1. Nawab Dost Muhammad Khan (circa 1672–1728); founded the state of Bhopal in 1707 and ruled it until 1728. He also founded the city of Islamnagar, founded by Dost Mohammad Khan in 1716 and early 1720s.
2. Nawab Sultan Muhammad (1720–?); ruled from 1728 to 1742.
  - Nawab Yar Muhammad Khan (1709–1742), Regent of Bhopal; 1728–1742.
3. Nawab Faiz Mohammad Khan (1731–1777); ruled from 1742 to 1777.
4. Nawab Hayat Muhammad Khan (1736–1807); ruled from 1777 to 1807.
5. Nawab Ghaus Muhammad Khan (1767–1826); ruled from 1807 to 1826.
6. Nawab Muiz Muhammad Khan (circa 1795–1869); ruled from 1826 to 1837. He was succeeded by his wife Qudsia Begum.
7. Nawab Jahangir Muhammad Khan (1816–1844); ruled from 1837 to 1844. He was succeeded by his daughter Shah Jahan Begum.

===Nawab Begums of Bhopal===
1. Qudsia Begum (ruler from 1819 to 1837) – In 1819, 18-year-old Qudsia Begum (also known as Gohar Begum) took over the reins after the assassination of her husband. She was the first female ruler of Bhopal. She declared that her 2-year old daughter Sikander will follow her as the ruler. None of the male family members dared to challenge her decision. She ruled till 1837 when she abdicated having adequately prepared her daughter for ruling the state. She was succeeded by her son-in-law Jahangir Muhammad Khan who married her daughter Sikandar Begum.

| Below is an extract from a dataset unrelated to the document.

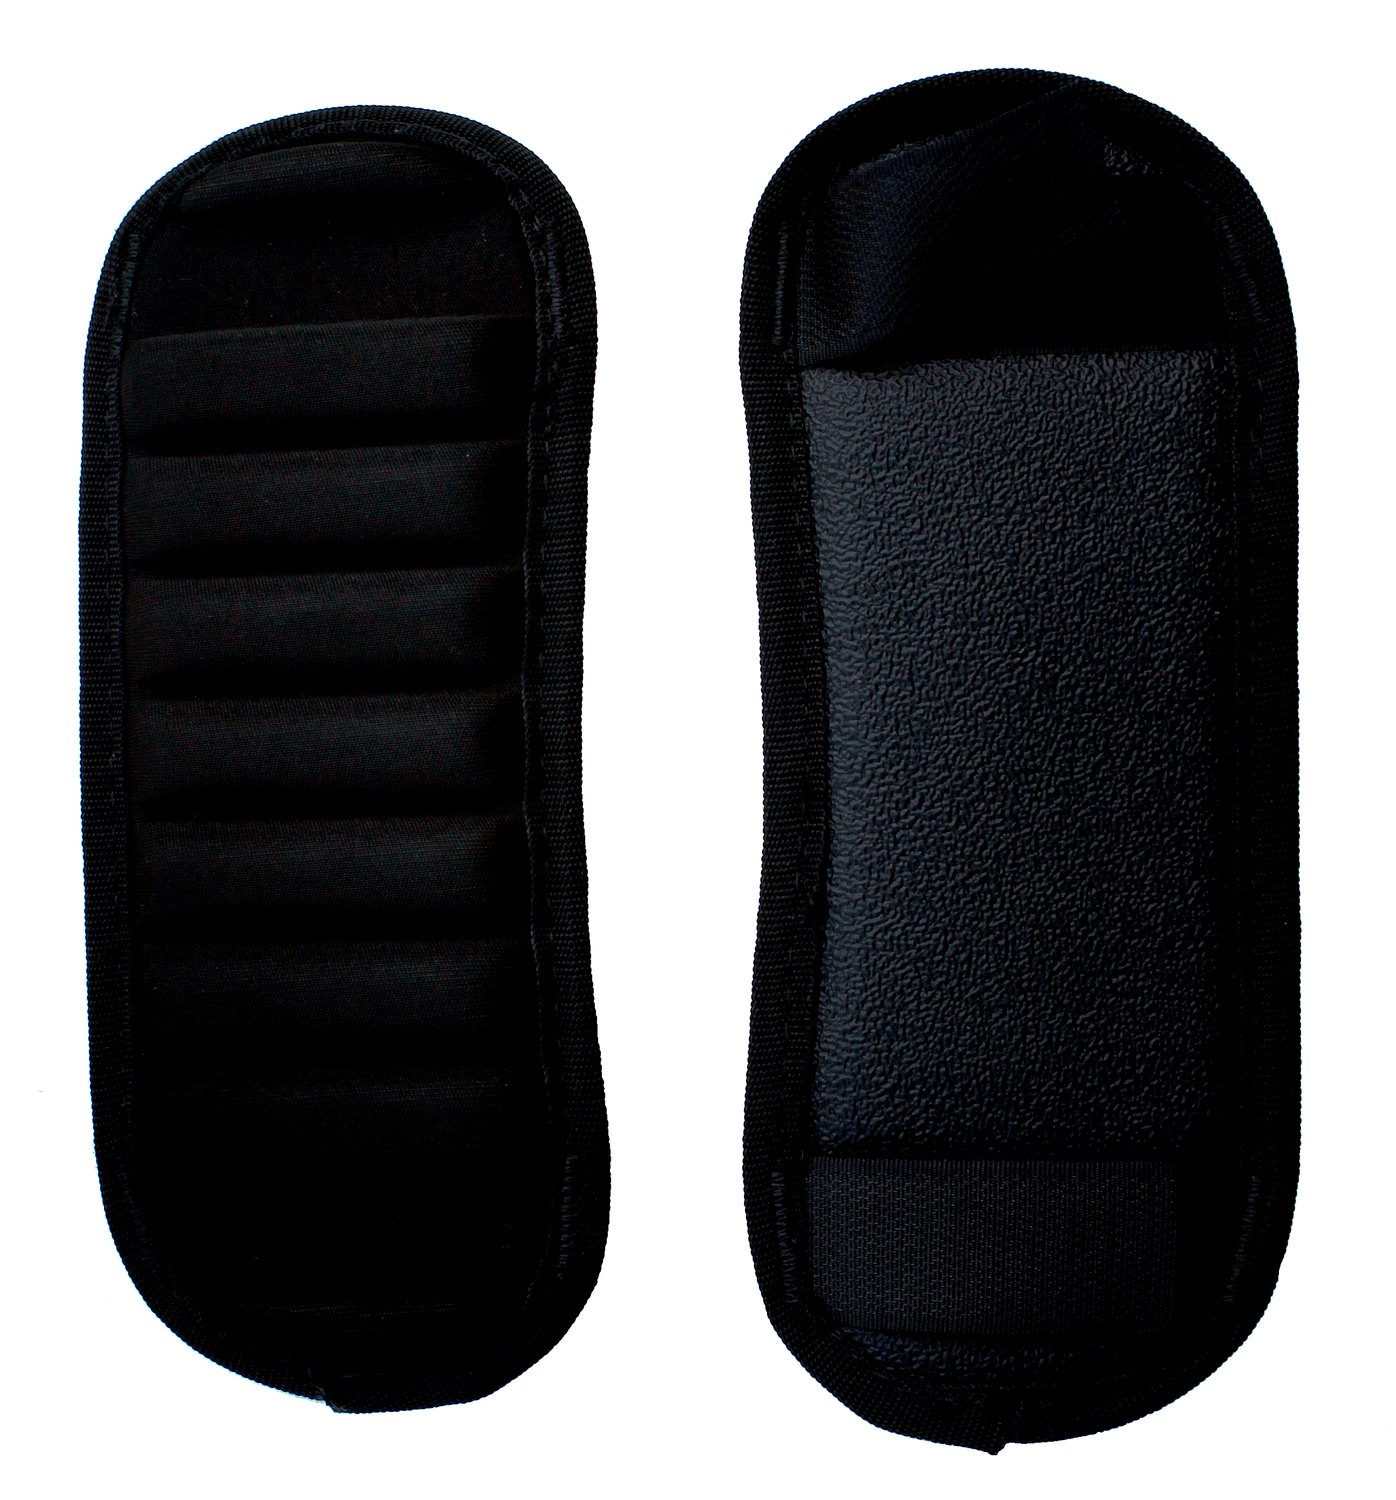 7010595610 - 3M DBI-SALA Comfort Shoulder Pad For Harness 9502006, Hook and Loop

2. Nawab Sikandar Begum (ruled from 1860 to 1868) - She was the daughter of Nawab Muiz Muhammed Khan and Nawab Qudsia Begum. In 1837, her mother abdicated in favour of her son-in-law and Sikandar's husband, but after his death in 1844, Sikandar's daughter Sultan Shah Jahan was recognised as ruler. Sikandar Begum governed as regent until 1860 when the British recognised her as the ruler of Bhopal and Shah Jahan was set aside. She ruled as Nawab for eight years until her death in 1868.

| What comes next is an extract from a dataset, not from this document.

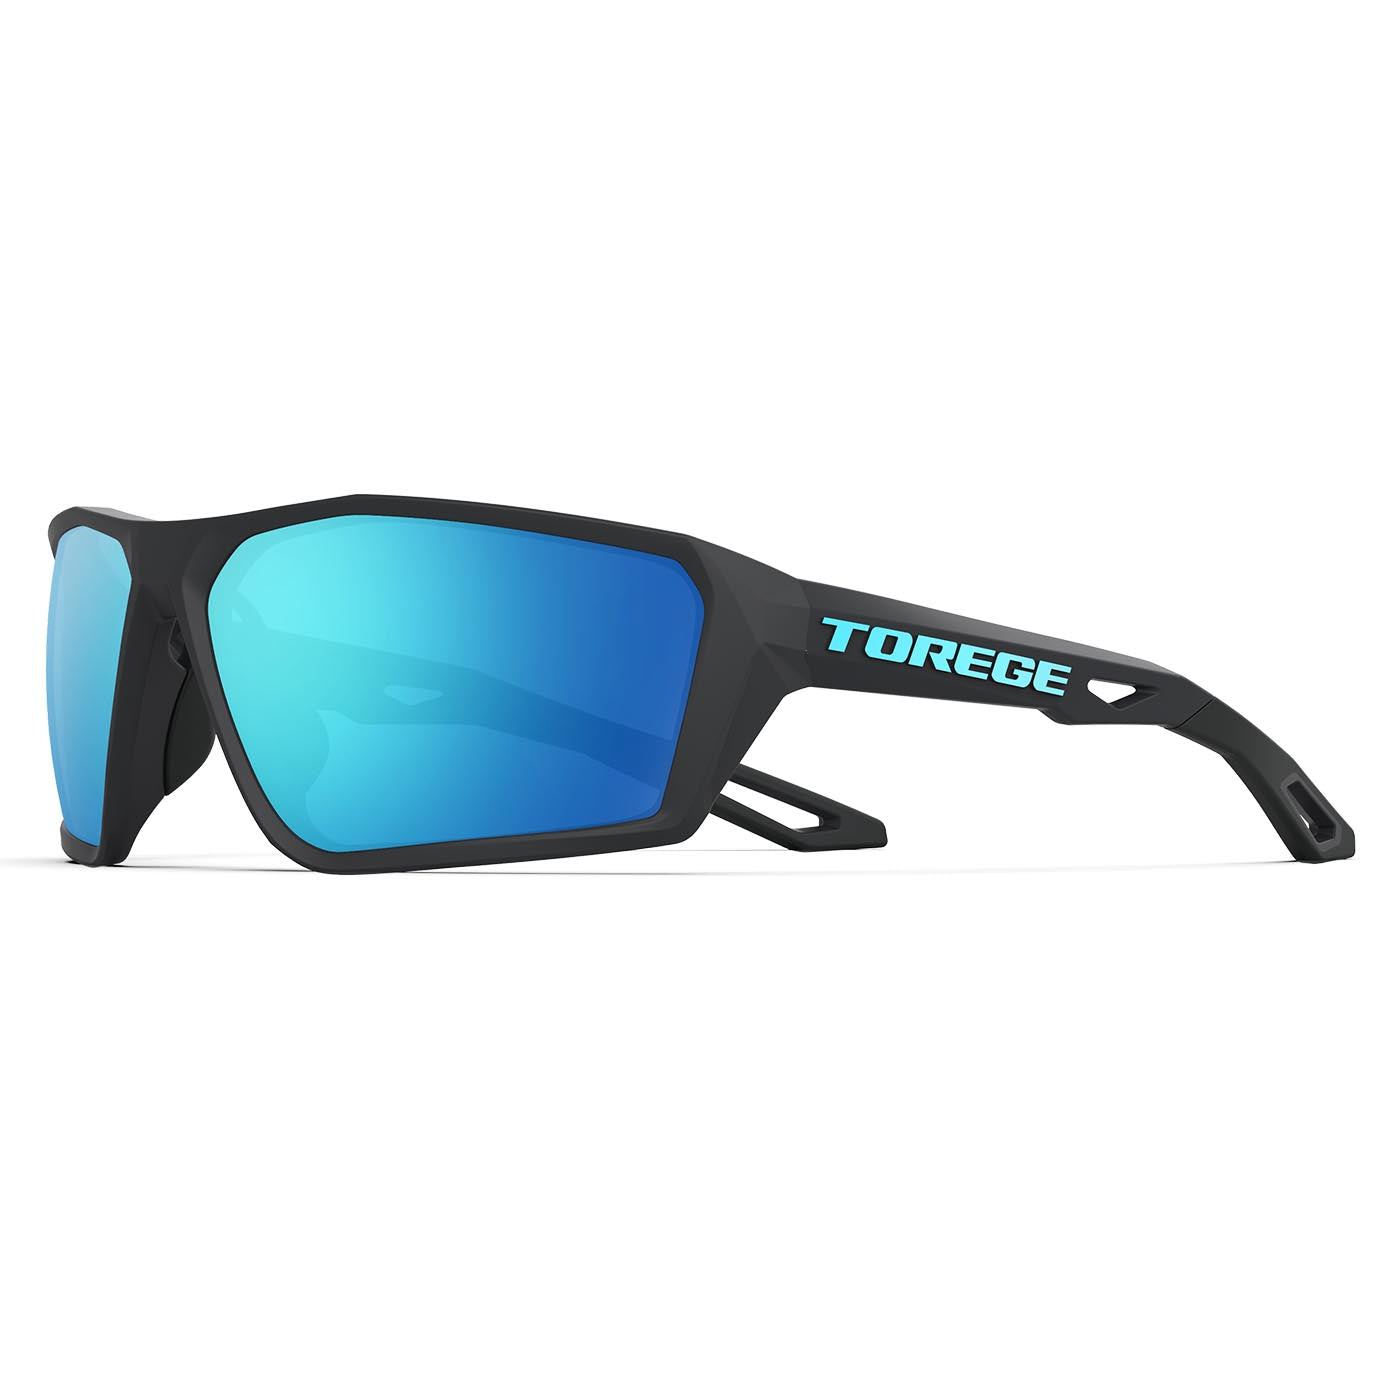 Blue Morpho Wraparound Sports Polarized Sunglasses With Lifetime Warranty -  Men & Women Flexible Frame Glasses for Cycling, Running, Driving, Fishing &  Mountaineering - Matte Black Frame & Sapphire Lens

3. Begum Sultan Shah Jehan (ruled from 1844 to 1860 and 1868 to 1901) – Shahjahan was the only surviving child of Sikandar Begum, sometime Nawab of Bhopal by correct title, and her husband Jahangir Mohammed Khan. She was recognised as ruler of Bhopal in 1844 at the age of six; her mother wielded power as regent during her minority. However, in 1860, her mother Sikandar Begum was recognised by the British as ruler of Bhopal in her own right, and Shahjahan was set aside. However, in 1868, Sikandar Begum died and Shah Jahan succeeded her. During her reign the first postage stamps of the Bhopal state were issued. In 1876 and 1878 there were issues of half and quarter anna stamps. Those of 1876 have text "HH Nawab Shahjahan Begam" in an octagonal frame; the 1878 stamps the same text in a round frame and the Urdu form of the Begum's title. The last stamps bearing her name were issued in 1902 with inscription: "H.H. Nawab Sultan Jahan Begam".

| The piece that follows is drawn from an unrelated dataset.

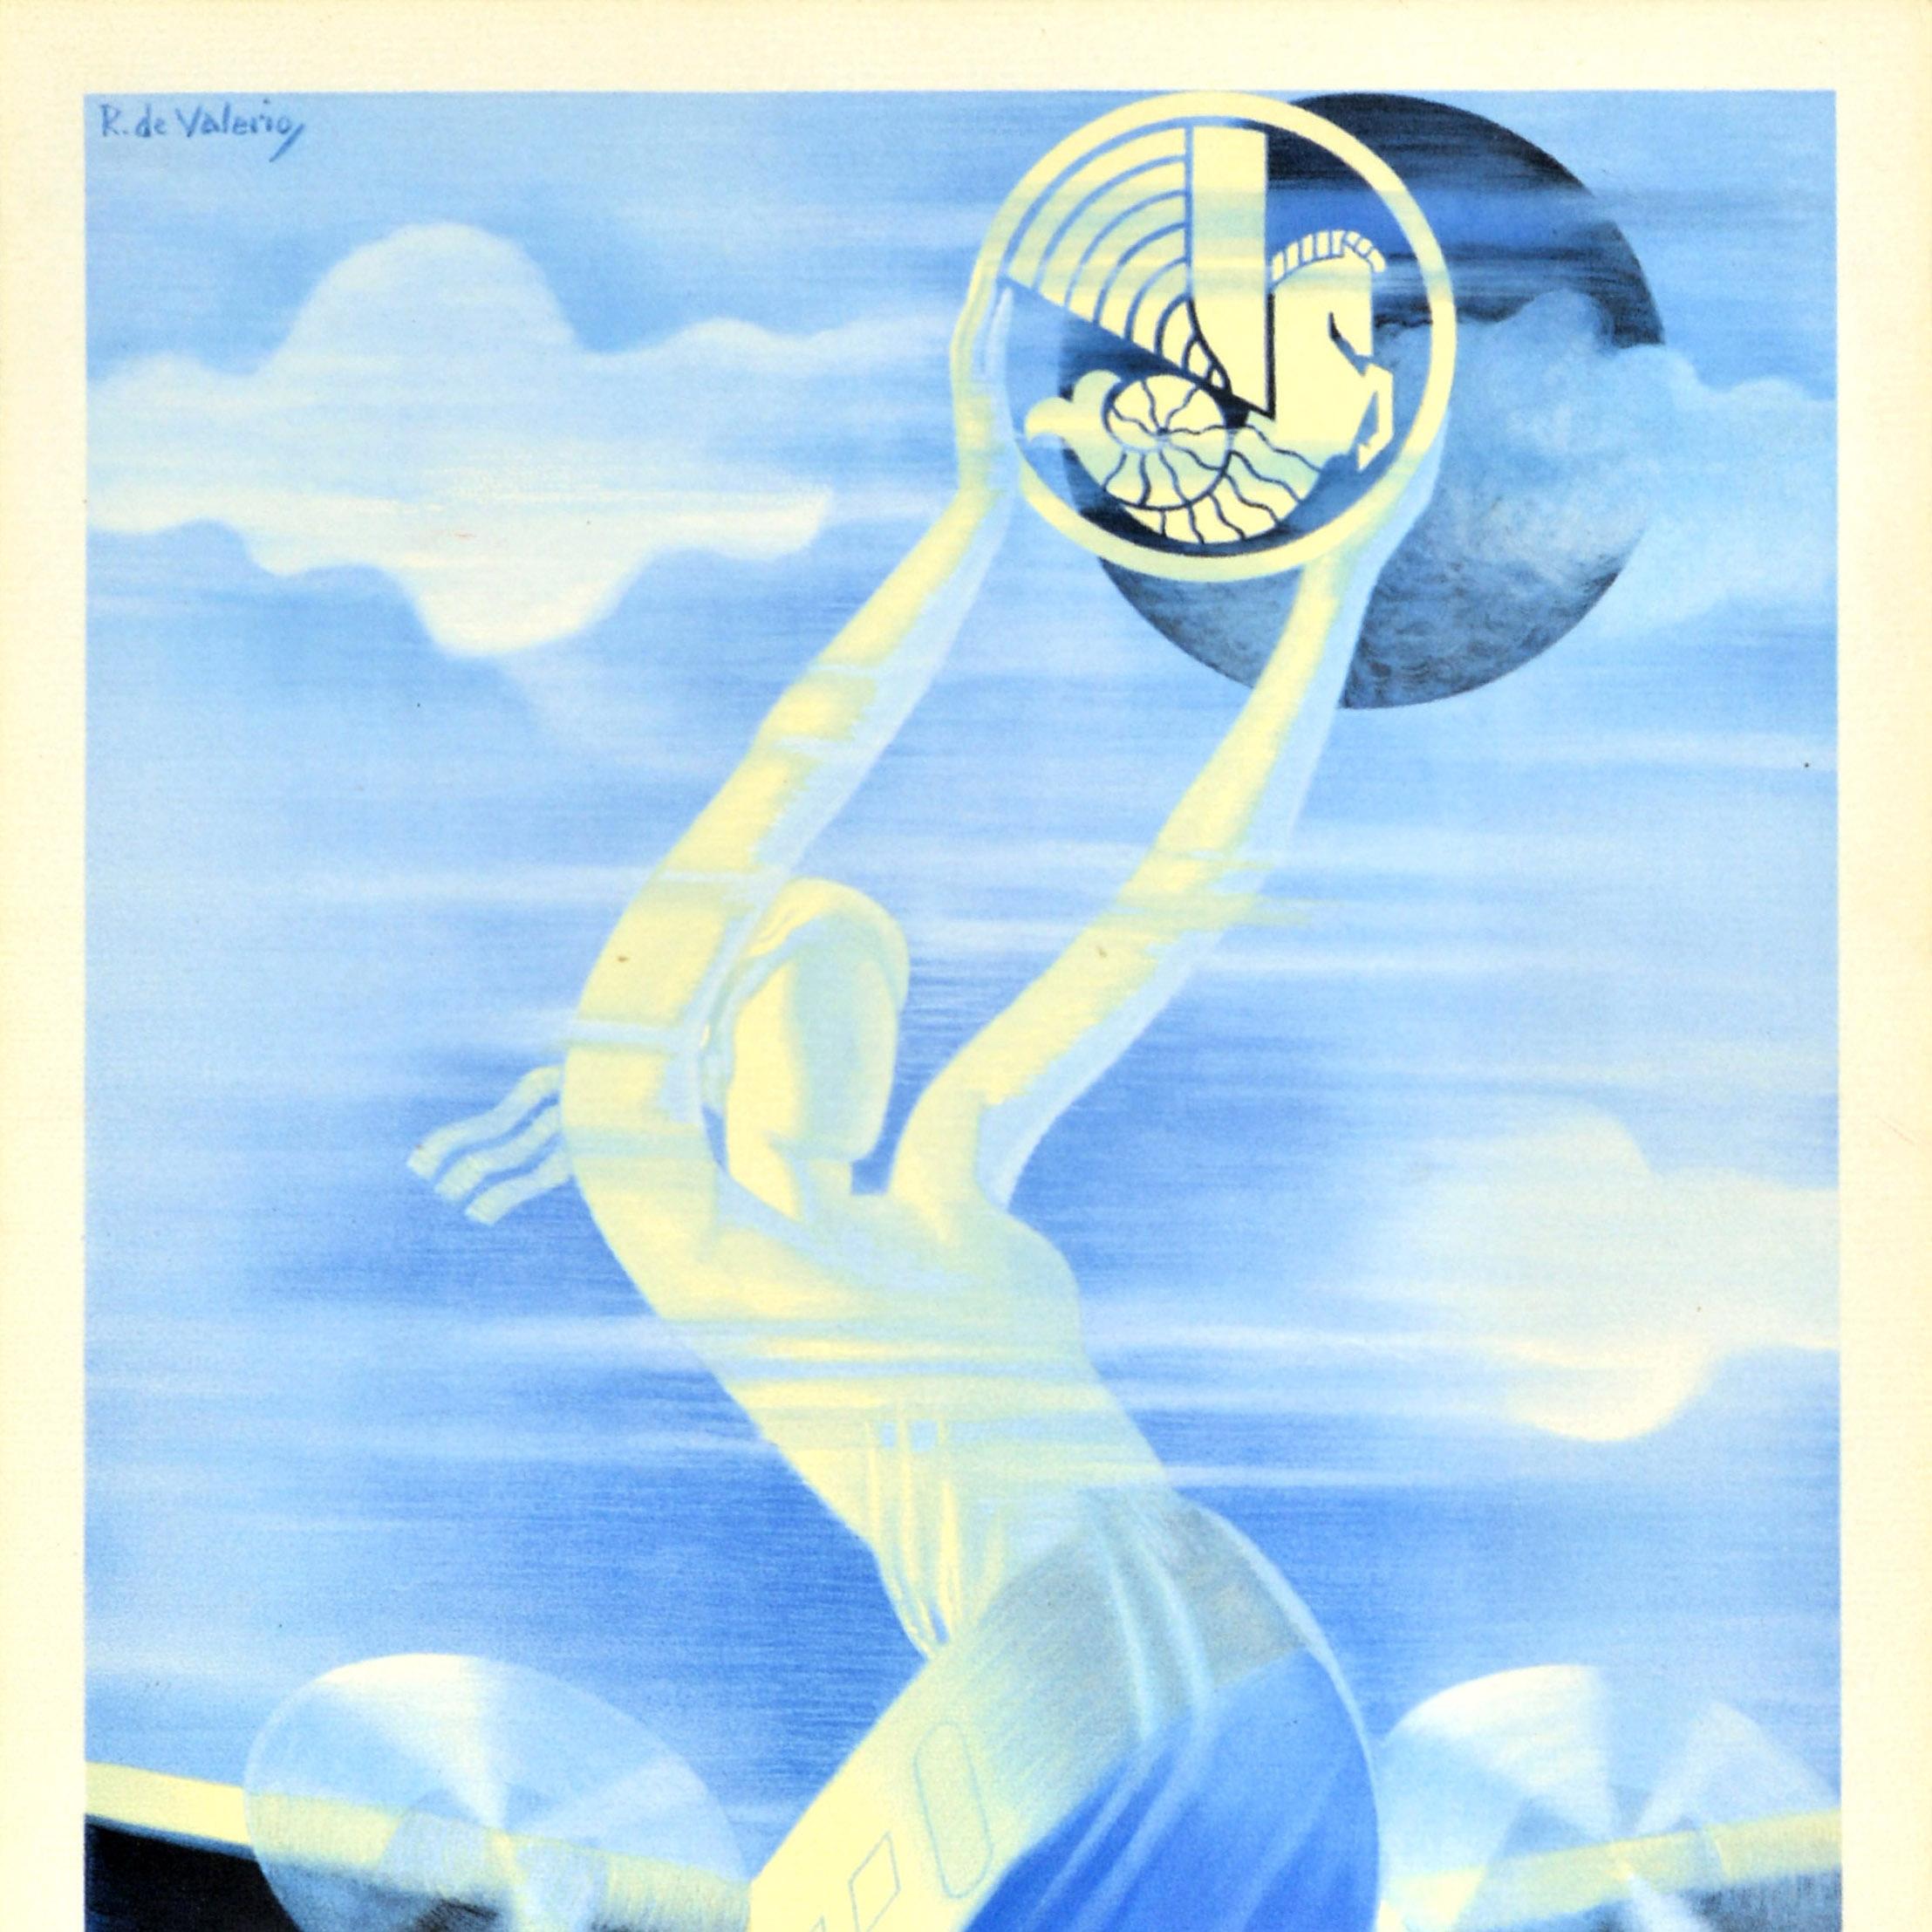 Original Vintage Travel Poster Air France Airways In All Skies Roger de Valerio For Sale 2

4. Begum Kaikhusrau Jahan (ruled from 1901 to 1926, died 1930) - The only daughter of Baki Muhammed Khan Bahadur and Sultan Shah Jahan Begum, she succeeded her mother in 1901 until her own death in 1926. Her son succeeded her.

===Titular rulers===
1. Al-Haj Nawab Sir Hafiz Muhammad, Khan Bahadur, GCSI, GCIE, CVO (1894–1960); ruled from 1926 to 1947, serving as nominal ruler to his death in 1960. Last of the sovereign Nawabs of Bhopal.
2. Sajida Sultan, Begum of Bhopal (1915–1995); ruled from (1960–1971), titular Begum of Bhopal until 1971 when India abolished royal entitlements through the 26th Amendment to the Constitution of India.

====Family tree====
The family tree of the ruling dynasty is given below:

- Sardar Khair Muhammad Khan Orakzai of the Mirazi Khel branch of the Orakzais of Tirah
  - Mir Quli Khan siddiqui
    - Mir Hazar Khan siddiqui
      - Sardar Muhammad Jalal Khan Lohari (d. 1717)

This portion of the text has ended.